Assignment:
Look in the data below for the line that has "DKGirl Vol.070: Model", then print exactly every line from there through the line that has "fiori di tulipano", leaving pictures out.

--- Provided data Enclosed Below ---

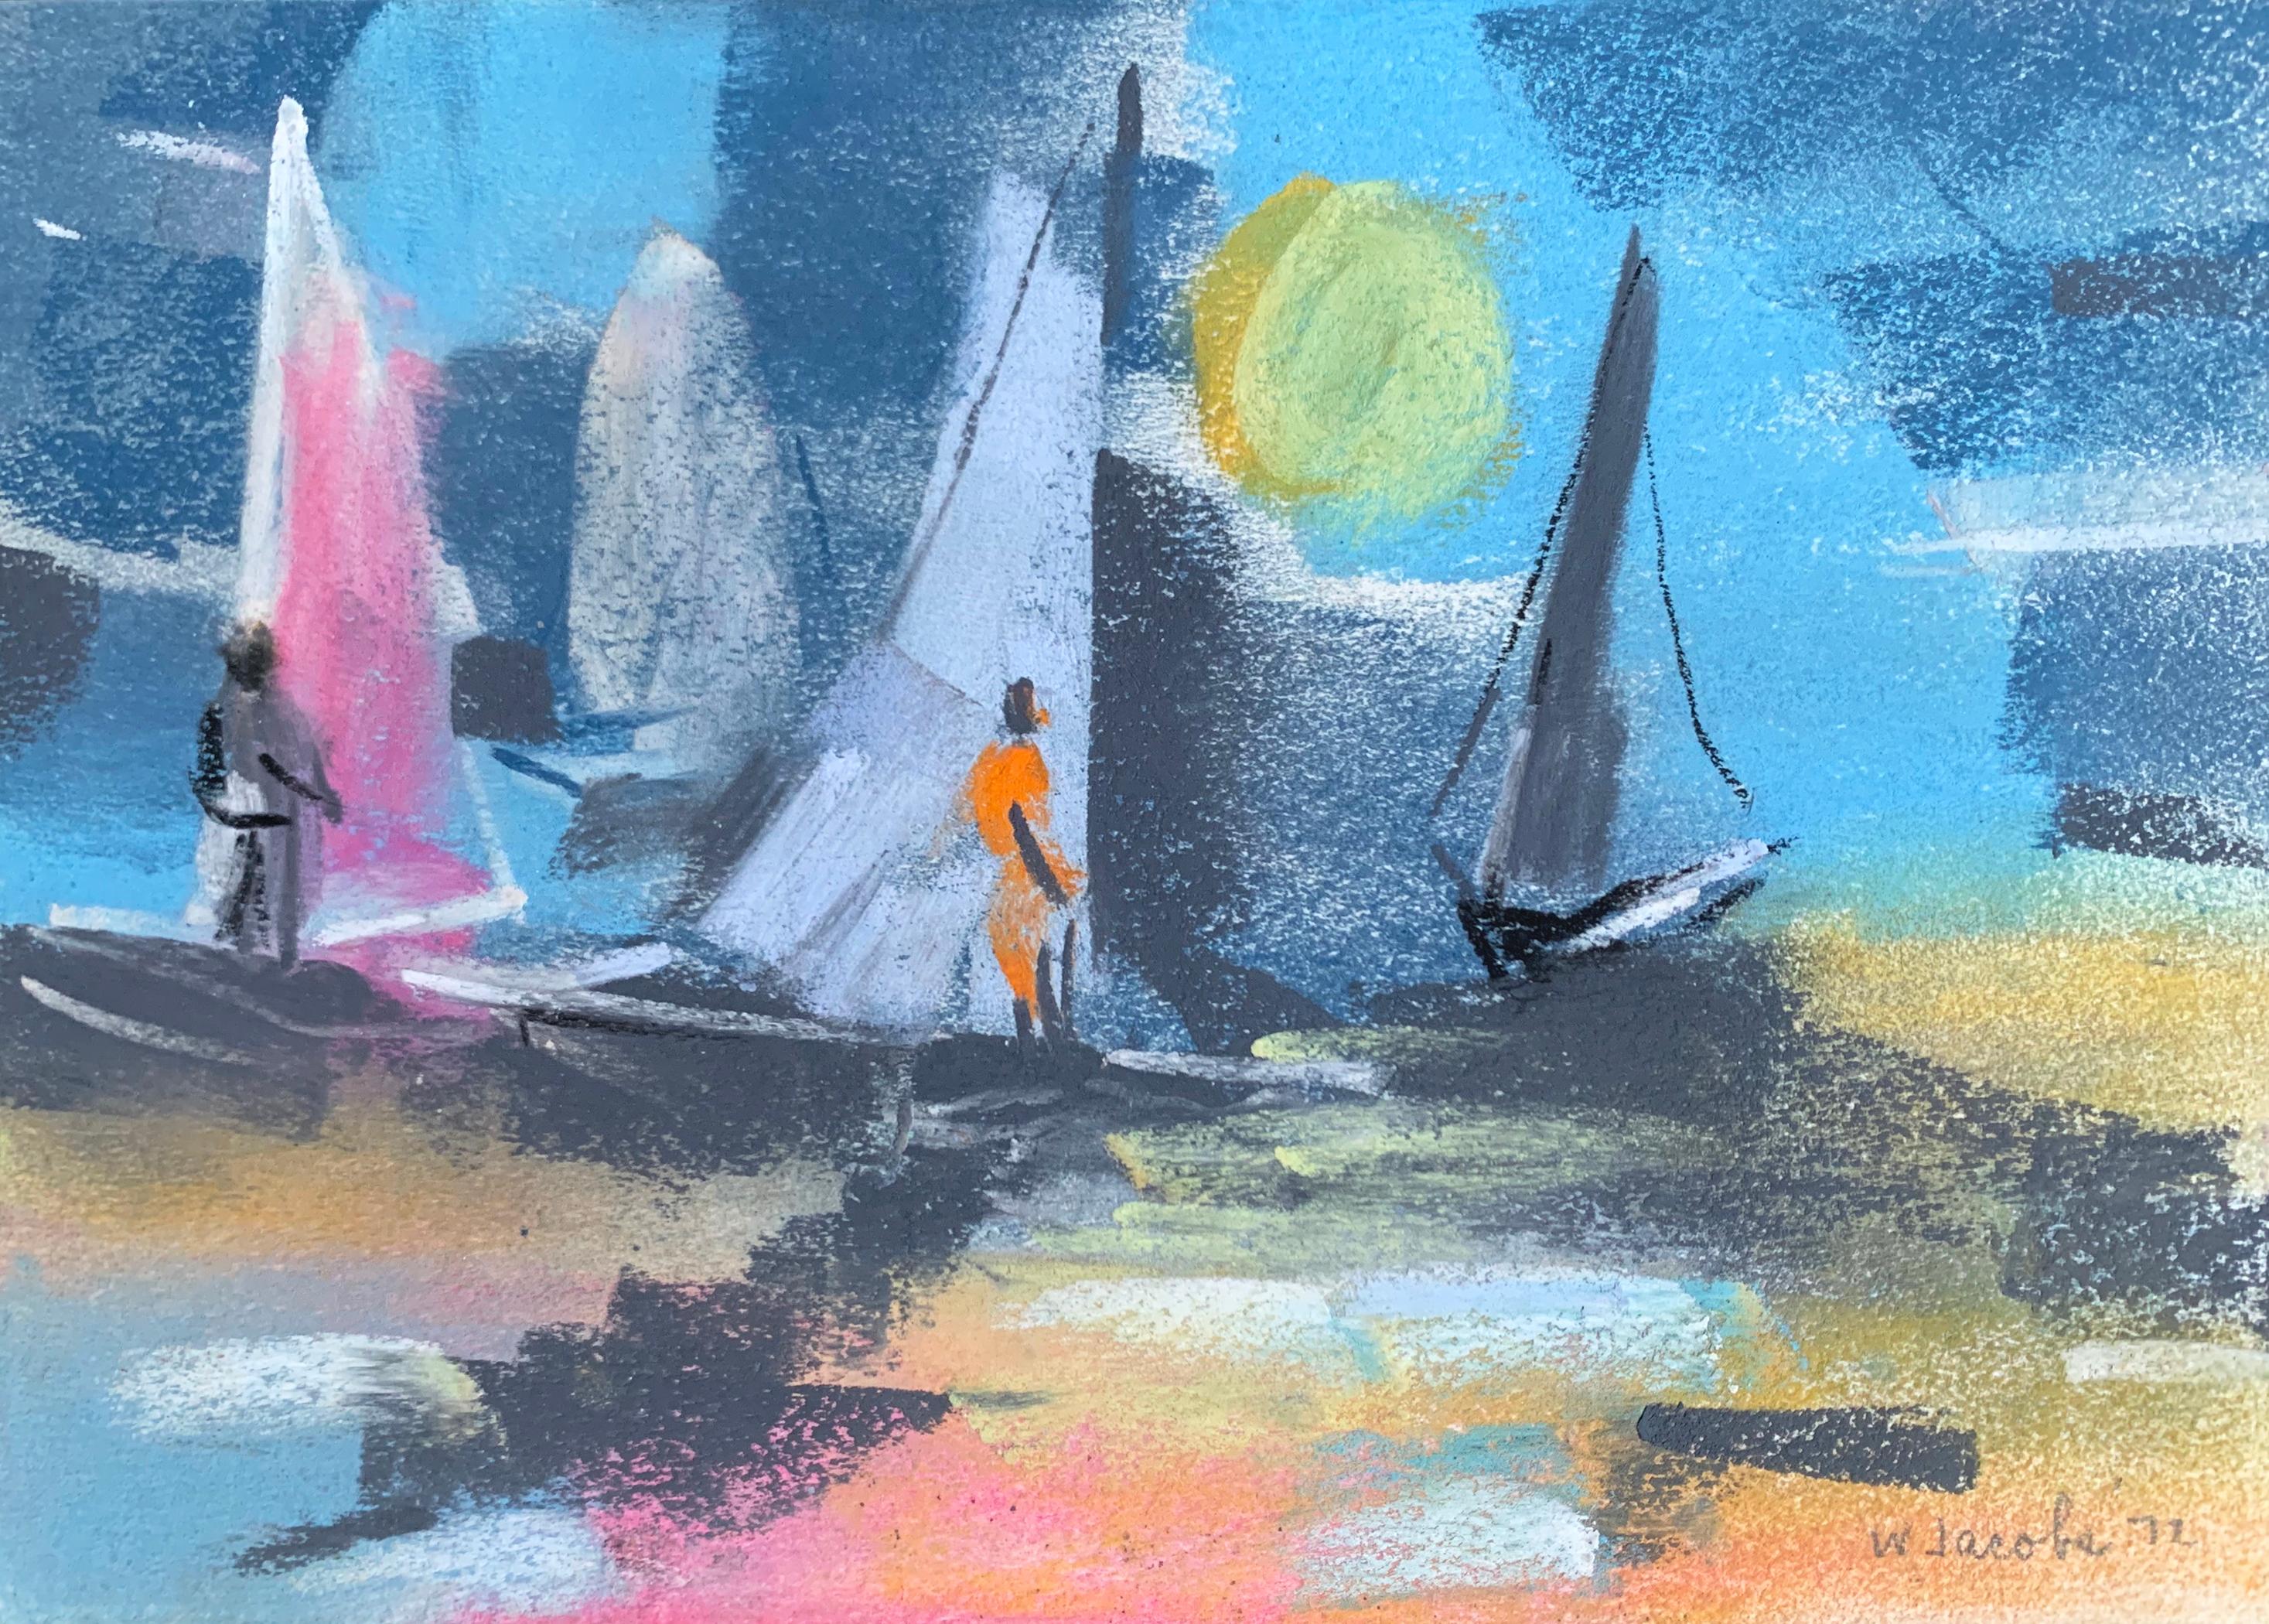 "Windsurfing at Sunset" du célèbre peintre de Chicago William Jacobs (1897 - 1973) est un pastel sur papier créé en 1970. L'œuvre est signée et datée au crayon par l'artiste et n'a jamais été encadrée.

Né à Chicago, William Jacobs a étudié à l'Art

--- End of Enclosed Provided data ---
--- Provided data Enclosed Below ---

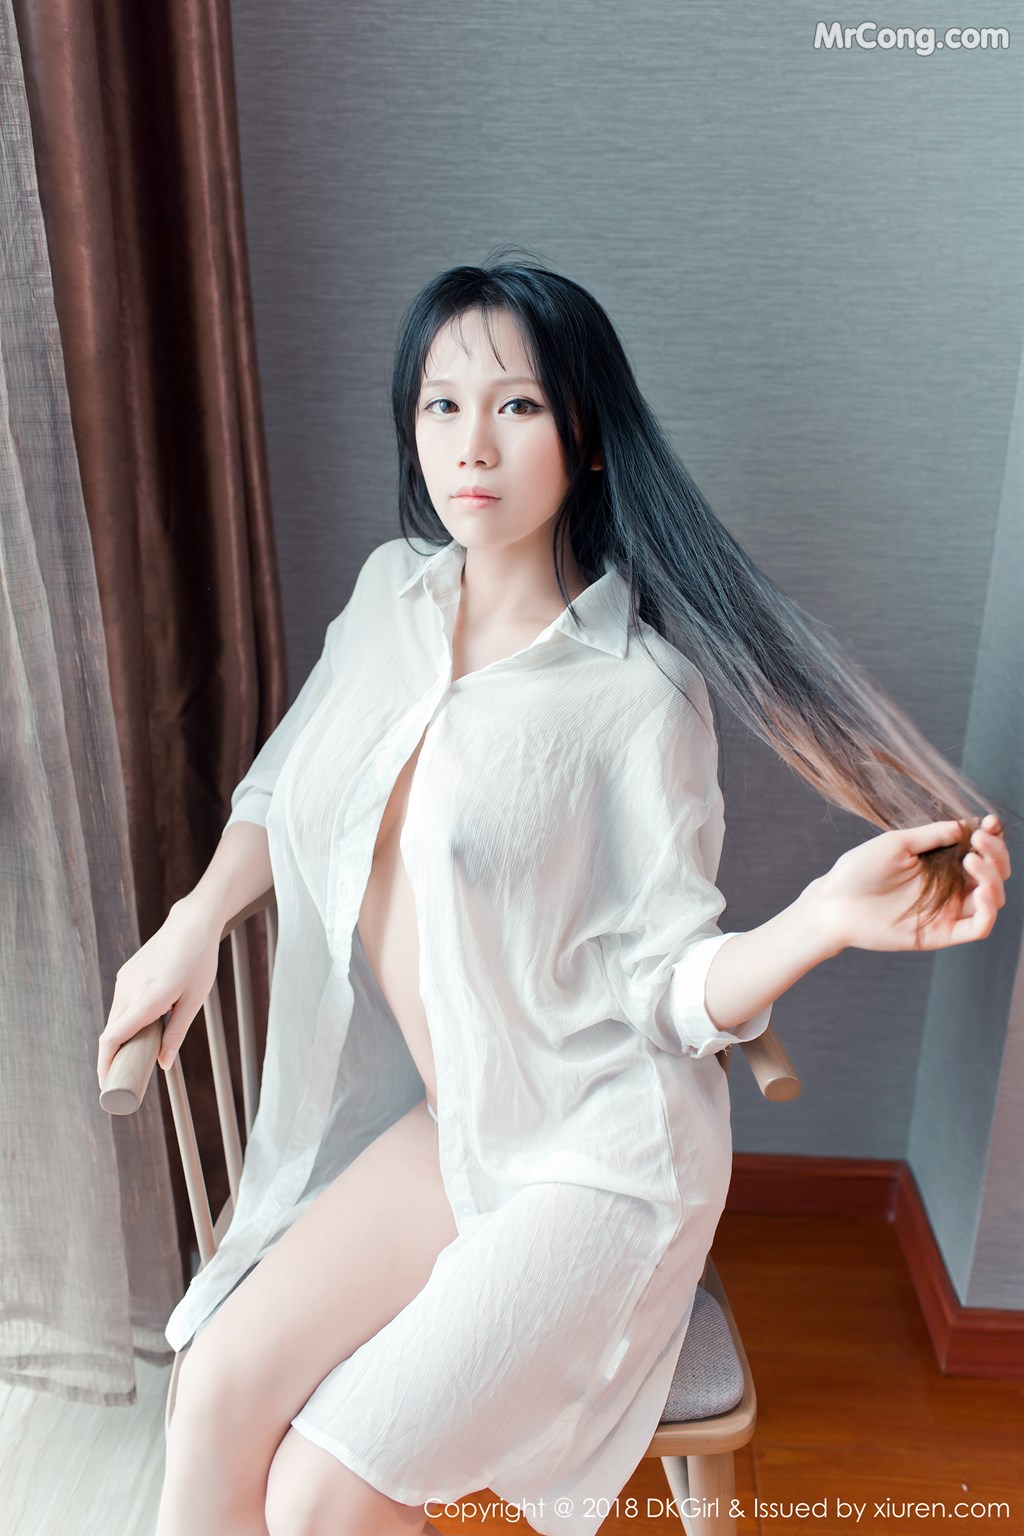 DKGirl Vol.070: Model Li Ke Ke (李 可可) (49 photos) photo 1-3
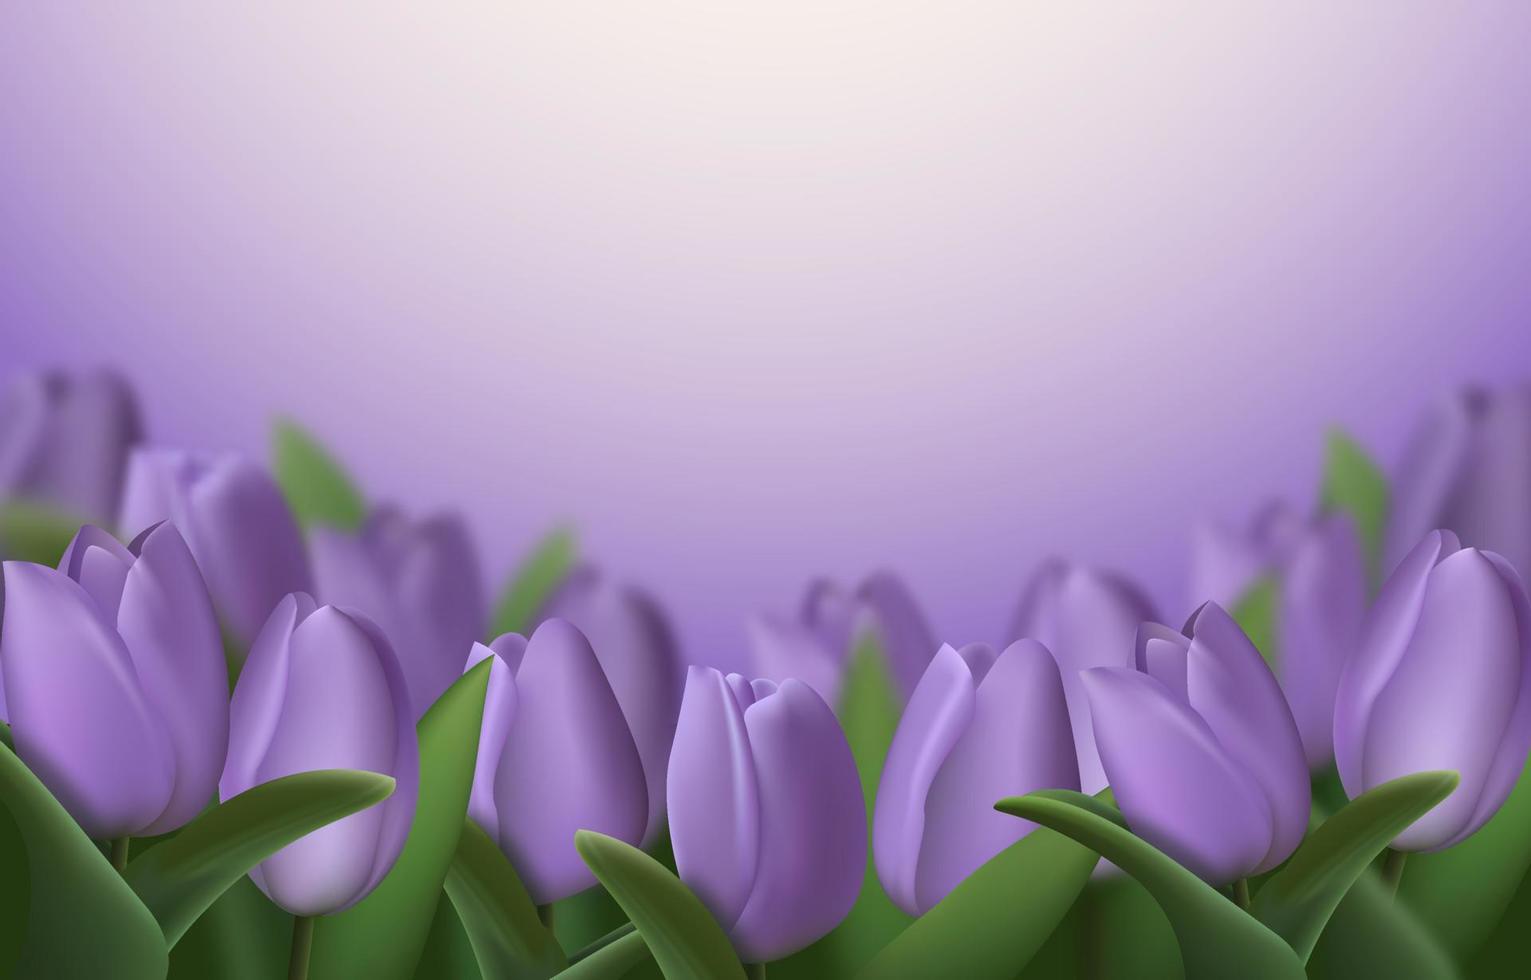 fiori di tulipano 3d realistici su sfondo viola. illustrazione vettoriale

--- End of Enclosed Provided data ---
--- Provided data Enclosed Below ---

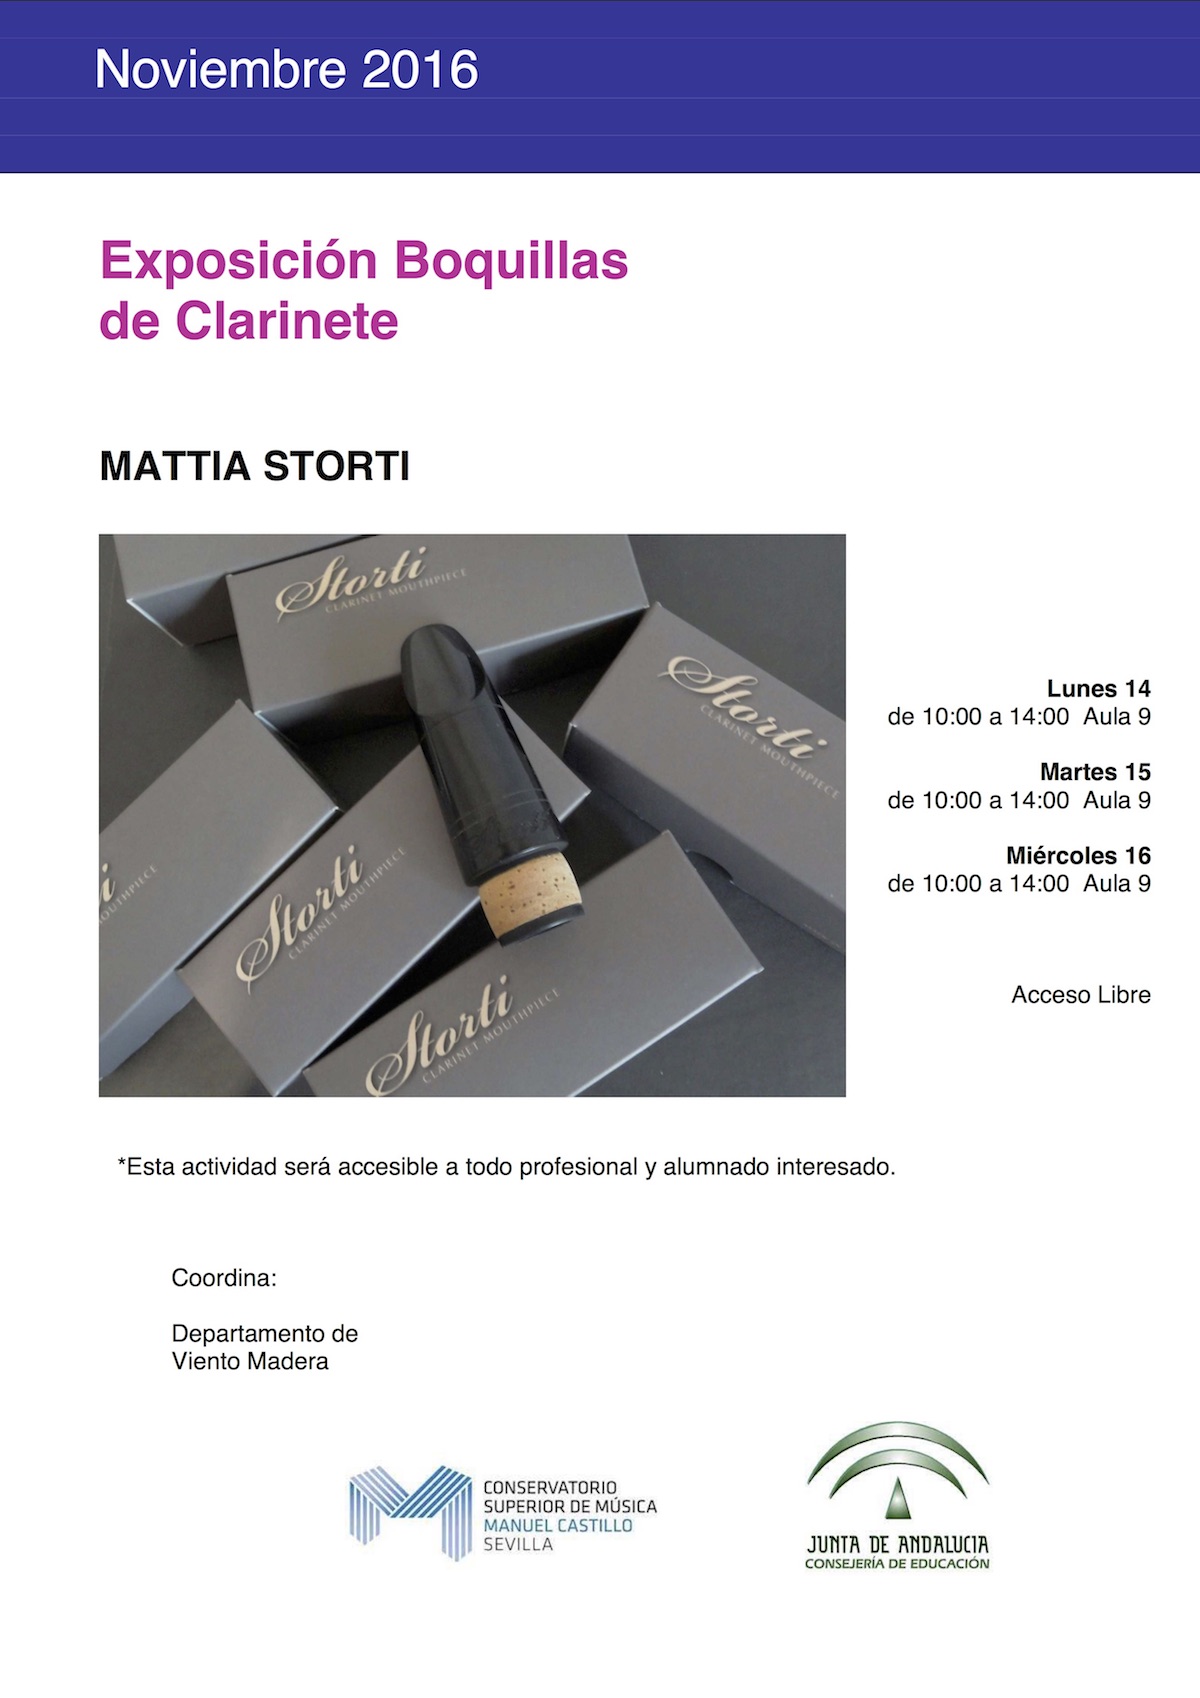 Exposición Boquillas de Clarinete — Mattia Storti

--- End of Enclosed Provided data ---

Task answer:
 DKGirl Vol.070: Model Li Ke Ke (李 可可) (49 photos) photo 1-3
 fiori di tulipano 3d realistici su sfondo viola. illustrazione vettoriale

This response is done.